Intake of FODMAPs as calculated using the extended database were in line with previous studies supporting its use of the database in both research and clinical interventions. The lists of the most commonly eaten FODMAP food items are provided and may be used to facilitate FODMAP diet interventions.
FODMAPs (Fermentable Oligo- Di- Monosaccharides and Polyols) include the sugar monomer fructose and the fermentable short chain carbohydrates (SCC) including fructans (inulin and fructo- oligosaccharides), lactose, galacto-oligosaccharides (GOS) and polyols . Fructans and GOS are known for their prebiotic effects . After reaching the colon intact they undergo bacterial fermentation and formation of short chain fatty acids as butyrate, propionic acid and acetate , and health benefits of FODMAPs include stimulated bifidobacteria growth , increased calcium absorption and improved appetite regulation . In spite of the health benefits, the intestinal fermentation of FODMAPs may trigger gastrointestinal symptoms in patients with irritable bowel syndrome (IBS) and inflammatory bowel disease (IBD) and treatment with a low FODMAP diet seems a promising intervention for these conditions .

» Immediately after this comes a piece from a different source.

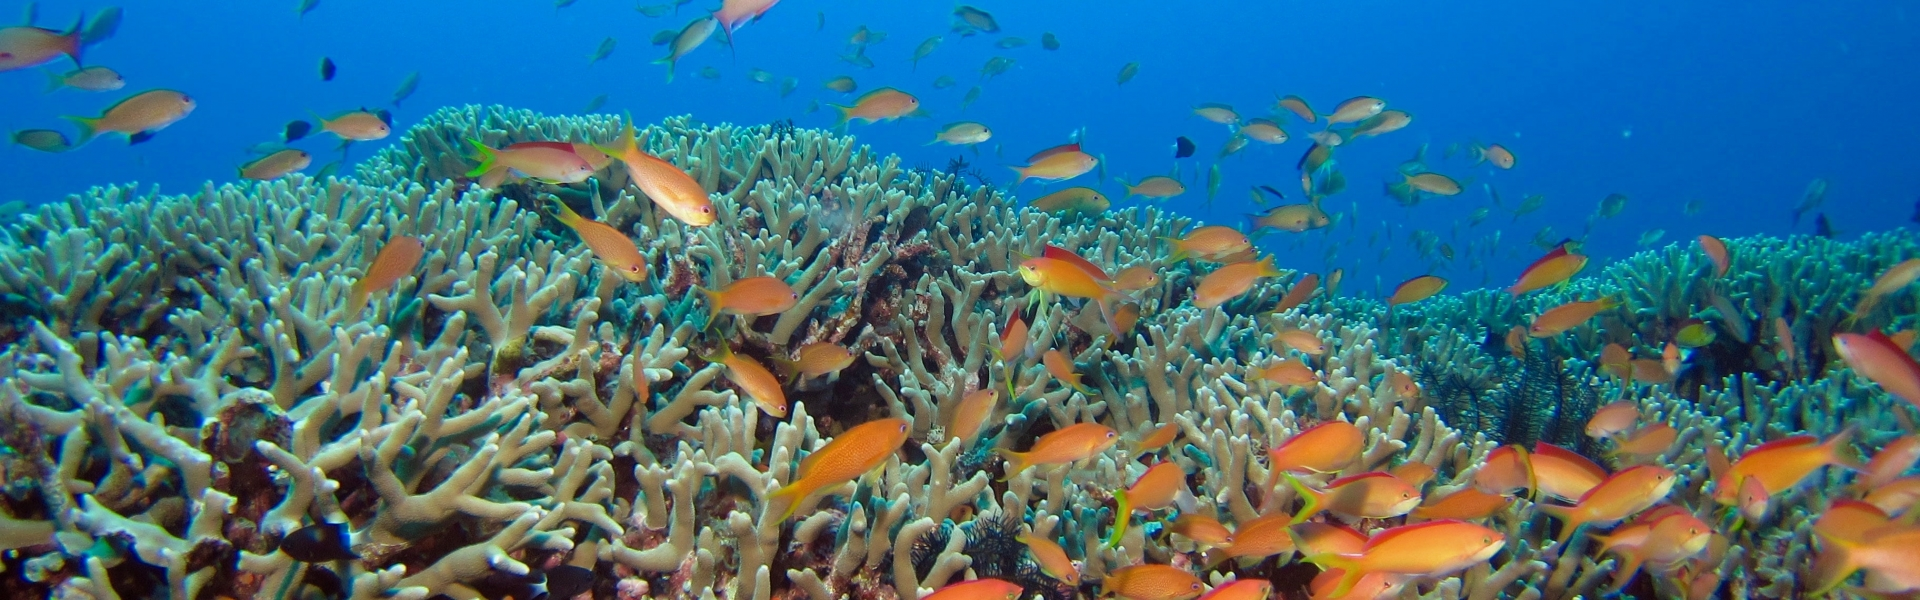 Fish swimming among coral
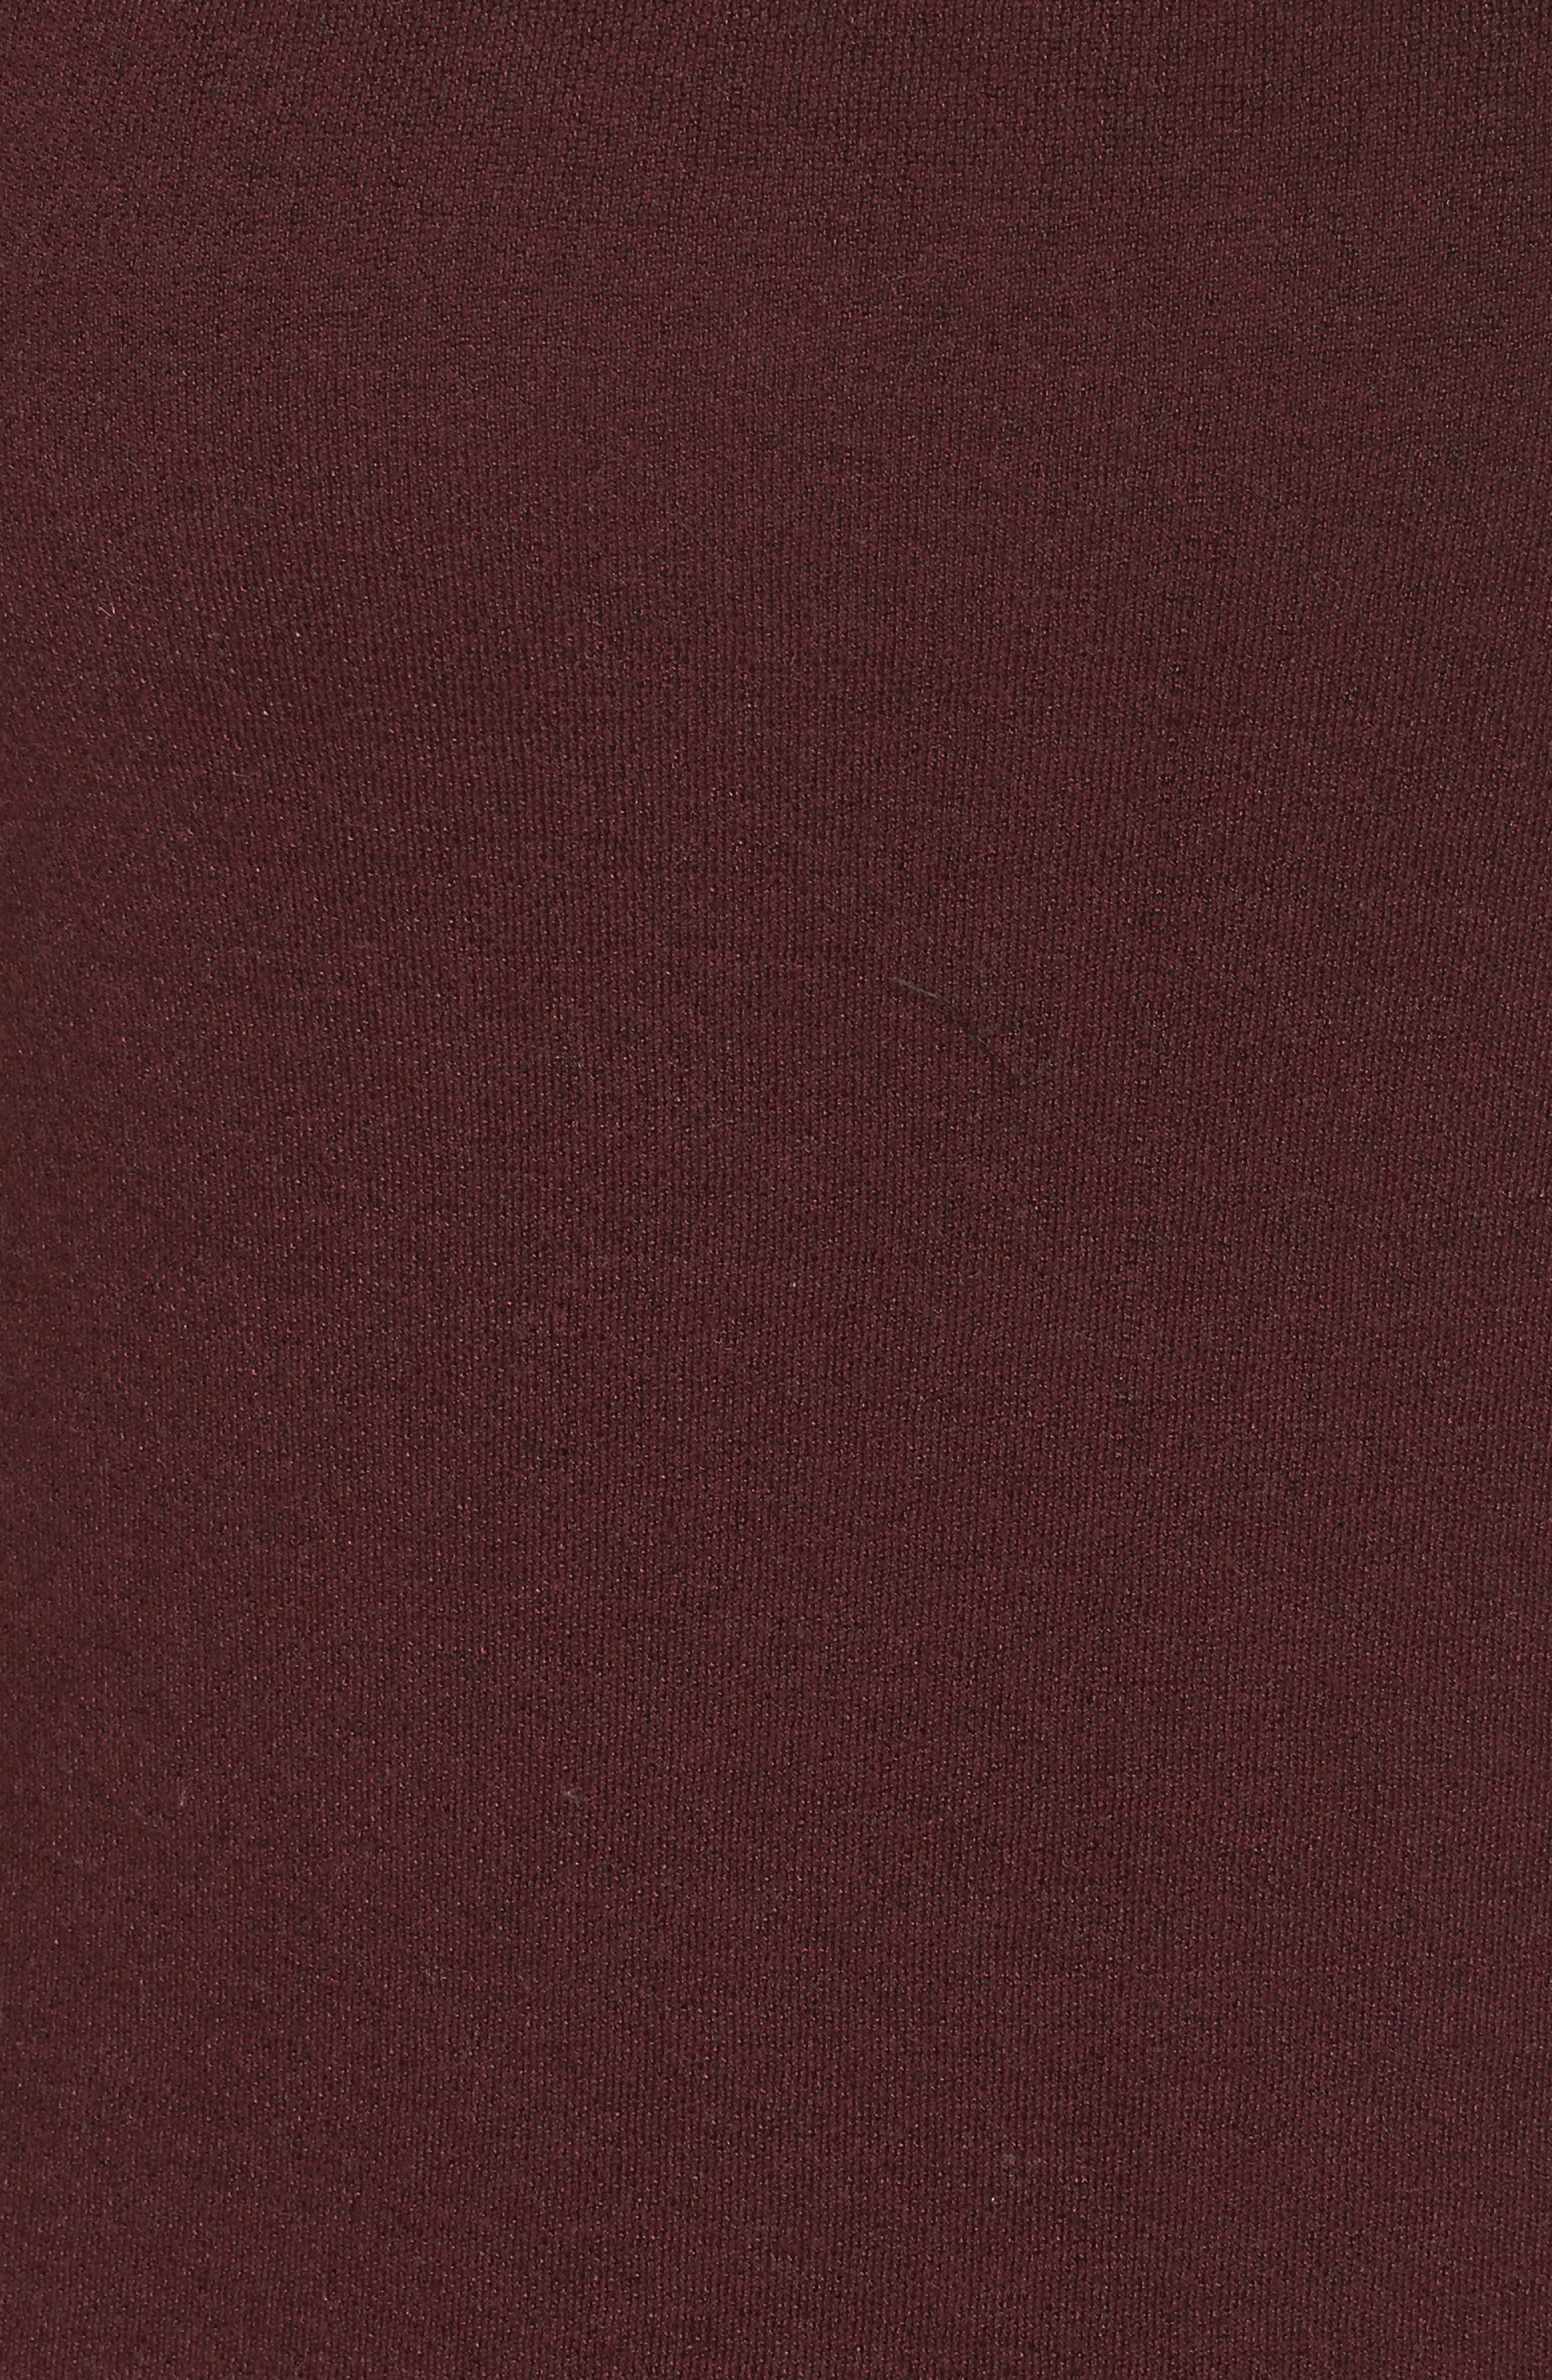 NIC + ZOE Falling Studs Embellished Sheath Dress,                             Alternate thumbnail 5, color,

FODMAPs are present in a large variety of foods. Fructose is present in fruit juices and honey. Lactose is present in dairy products, fructans in artichokes, garlic and onions, and GOS in legumes. Polyols are present as sweeteners in chewing gums, avocado, mushrooms, apples and pear . Since fructose is only co-absorbed with glucose, fructose in excess of glucose  is counted towards the FODMAP total. High performance liquid chromatography (HPLC) with evaporative light scattering detection (ELSD), gas-chromatographic (GC) and enzymatic analyses are the most commonly used methods for analyzing FODMAPs, and the method depend on the specific FODMAP to be analyzed. There are several studies from around the world that have investigated the FODMAP content in food items, including Australia [8,9,10], United States [11, 12], and Europe [13, 14].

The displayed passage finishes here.